**What you will do:**
Would you retype the listing word for word, skipping its pictures?

**Exercise data:**
-- Opening Marker --

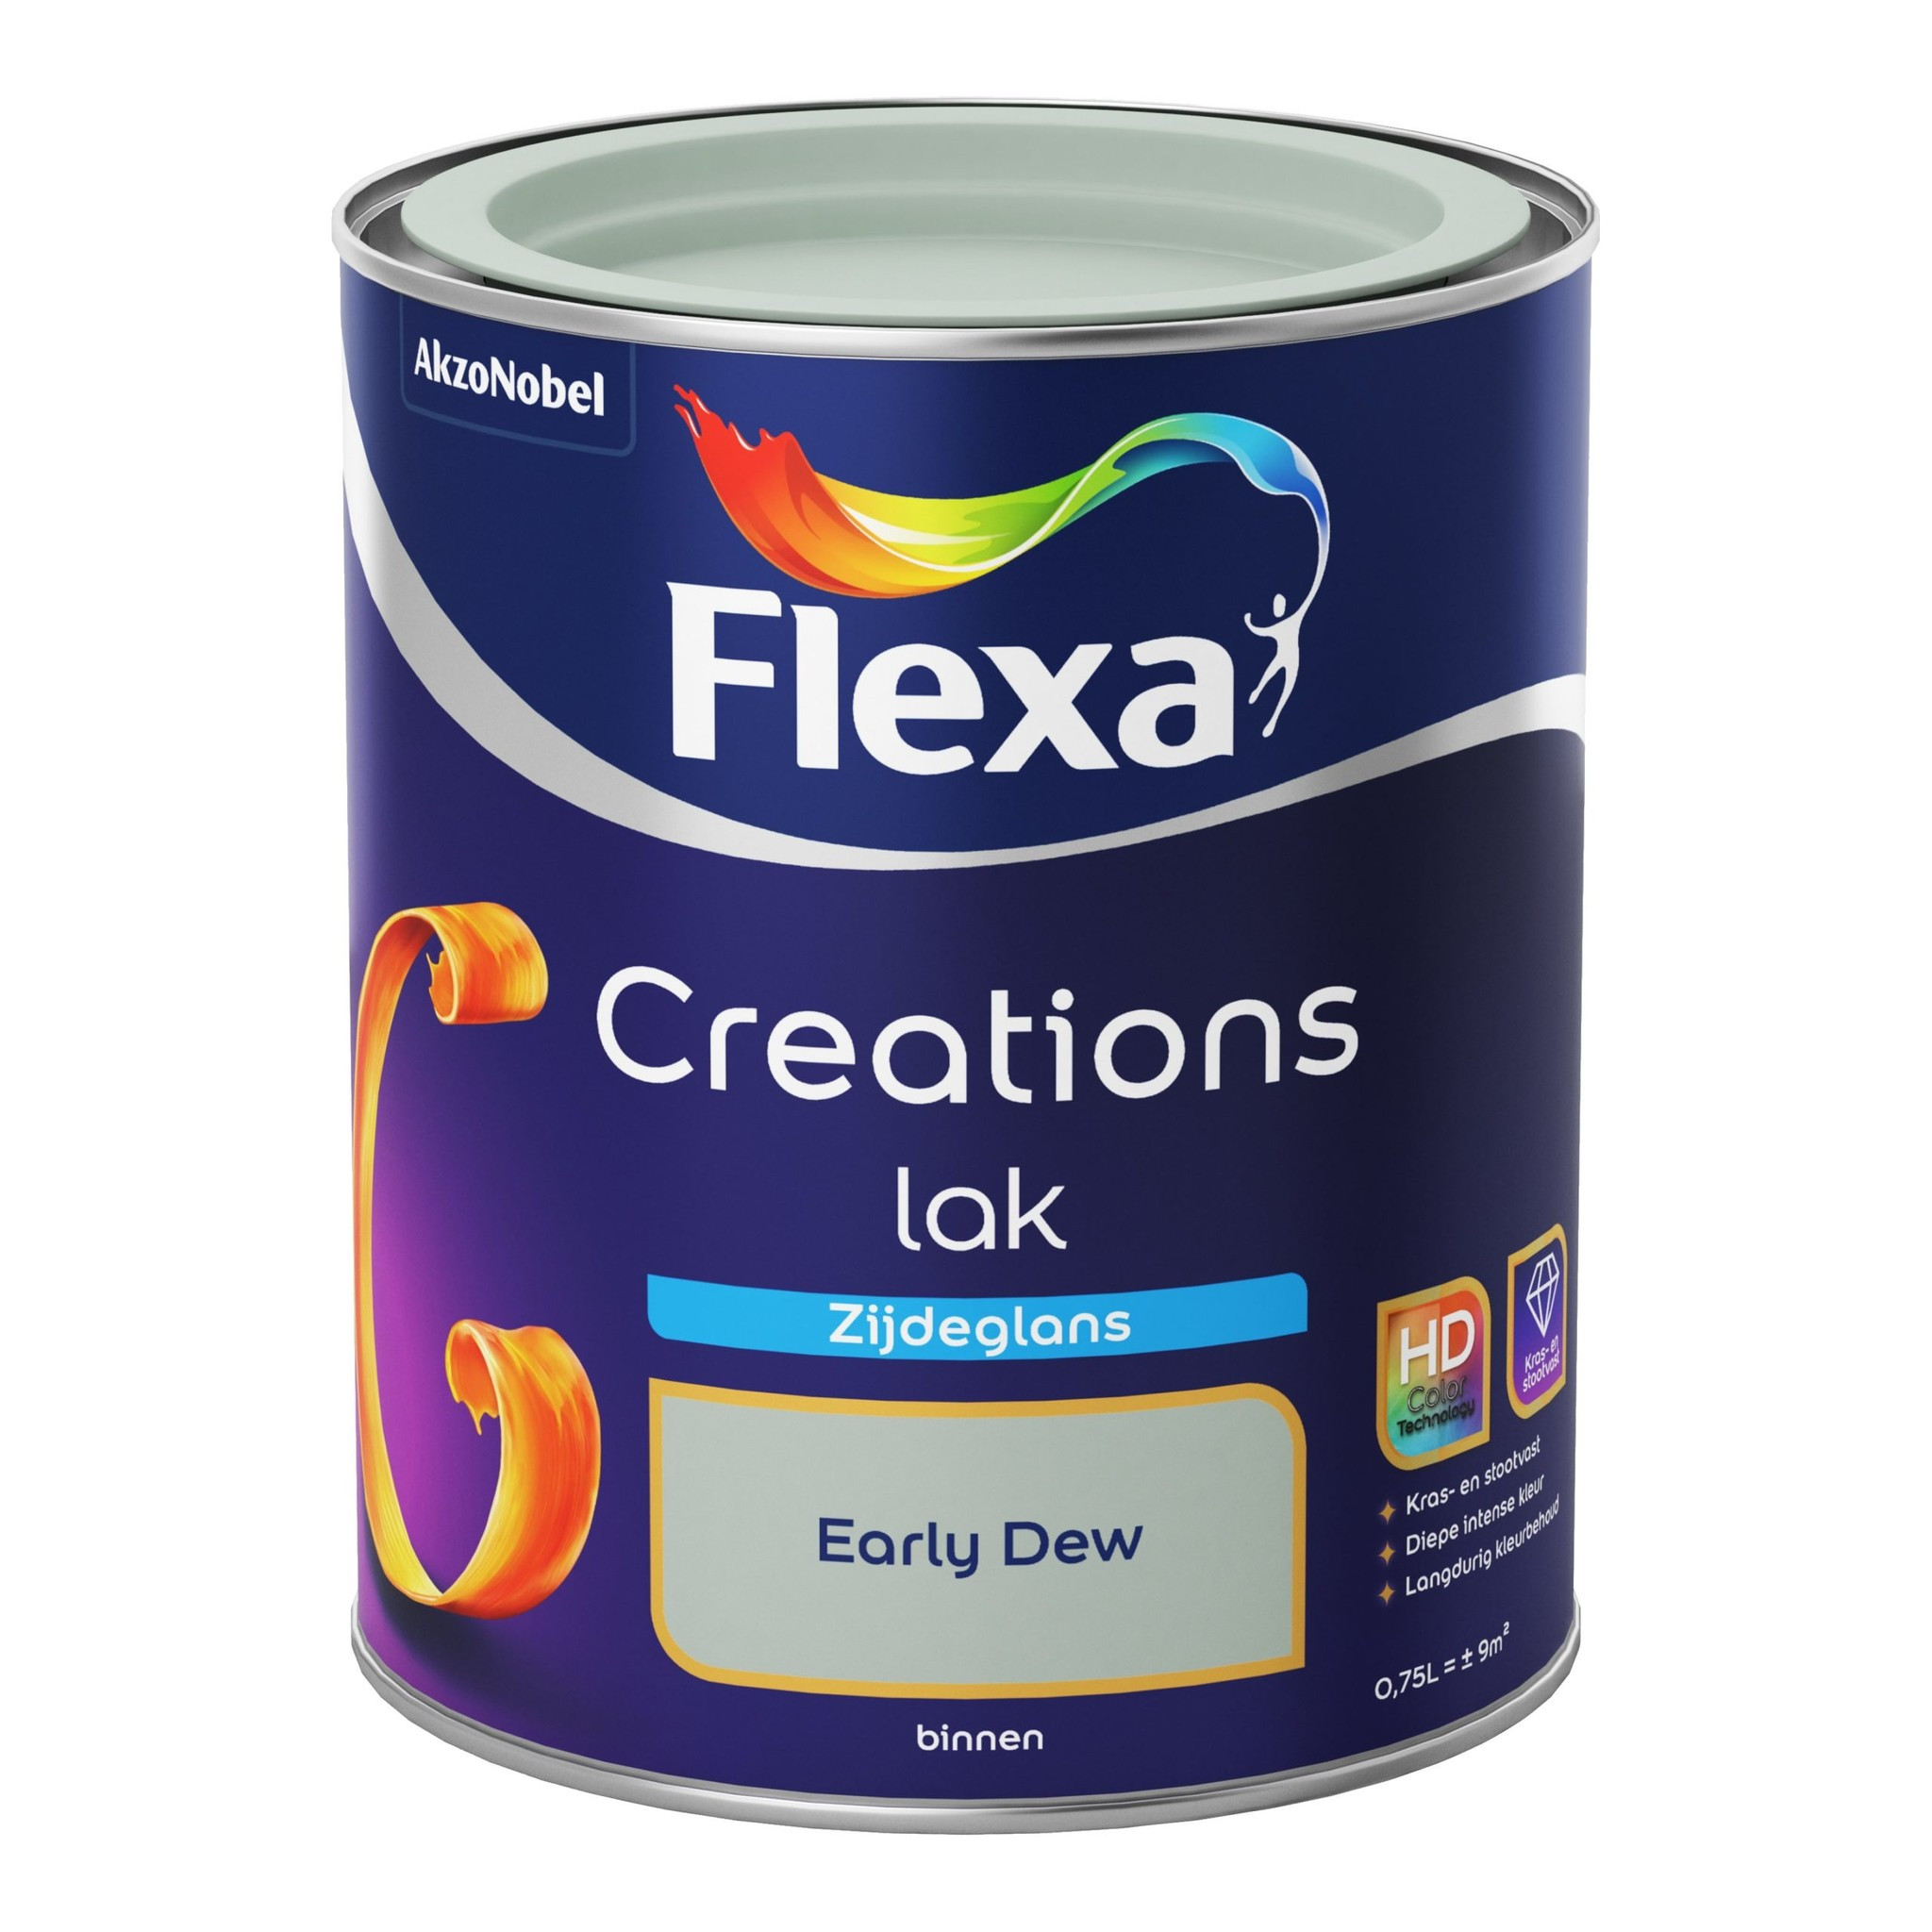 Flexa Creations Lak Zijdeglans - Early Dew
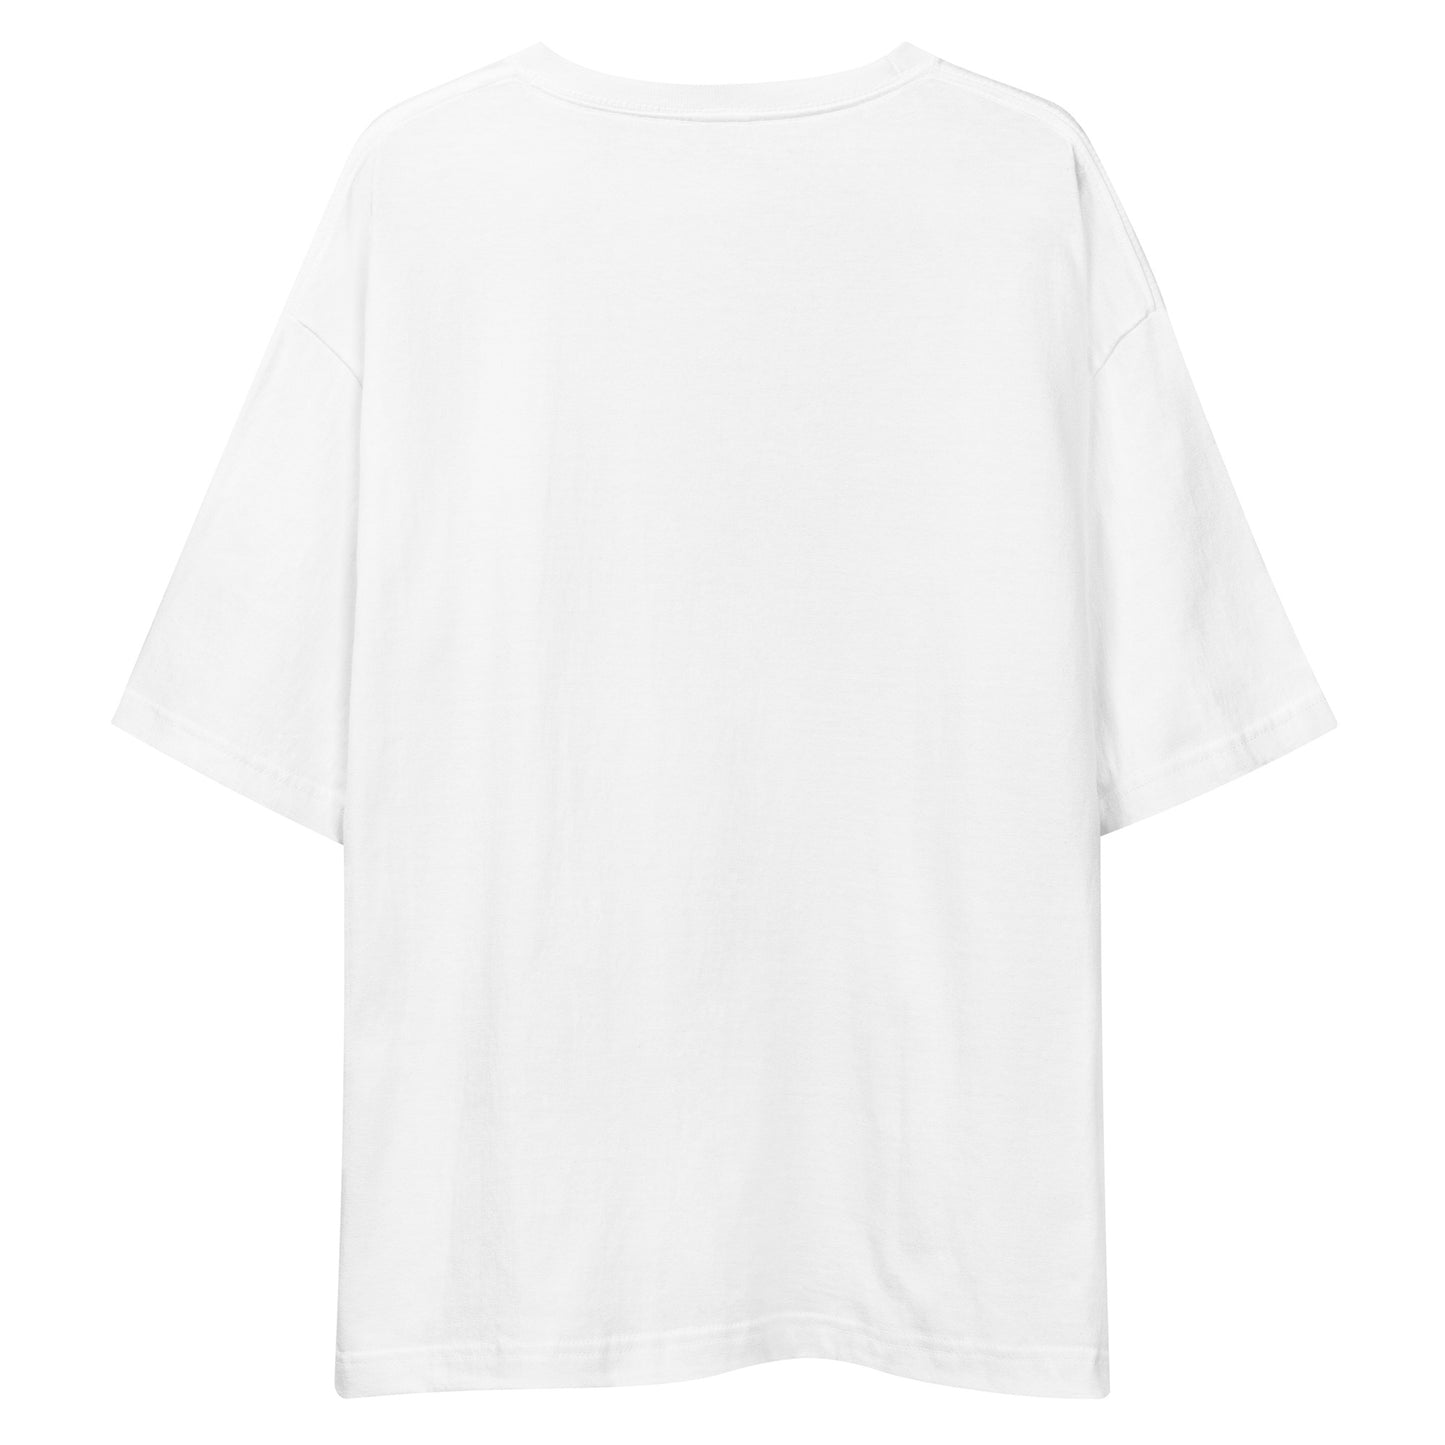 E216 - T-shirt/Oversized (Universal jump : White/Black)
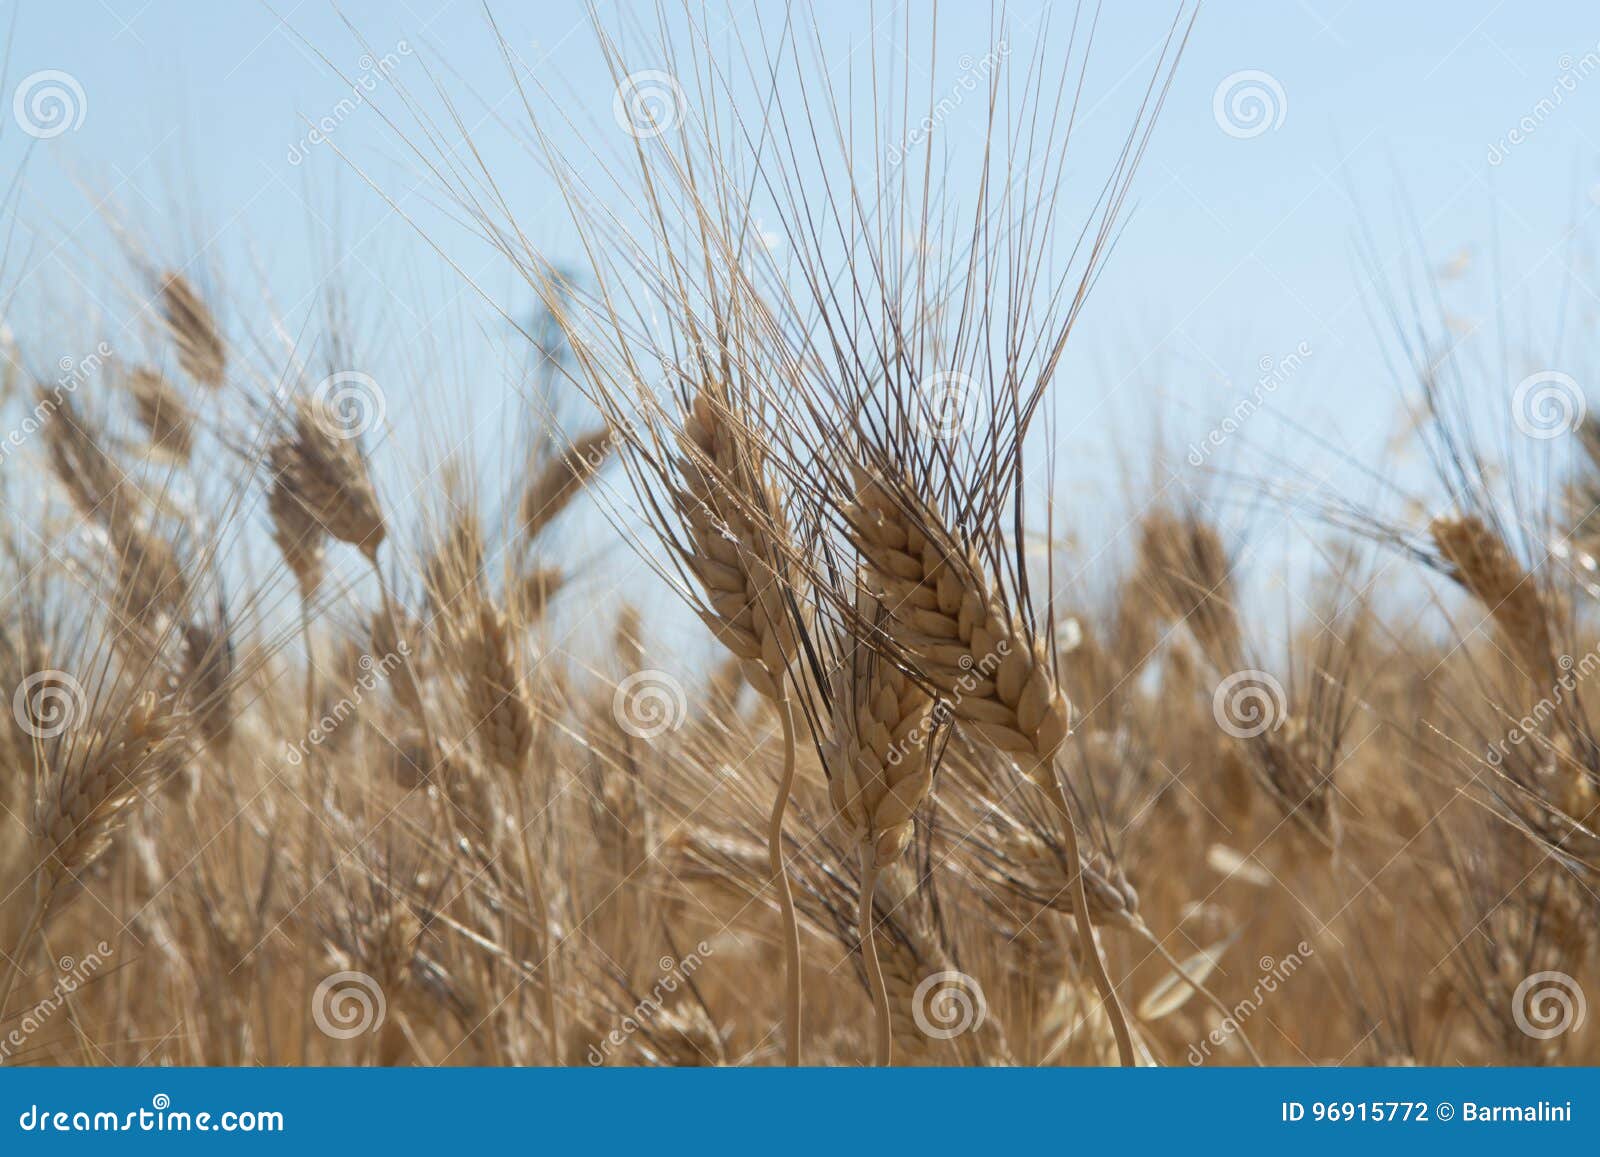 yellow fields with ripe hard wheat, grano duro, sicily, italy

-- Closing Marker --

**Reply to the task:**
 Flexa Creations Lak Zijdeglans - Early Dew
 E216 - T-shirt/Oversized (Universal jump : White/Black)
 yellow fields with ripe hard wheat, grano duro, sicily, italy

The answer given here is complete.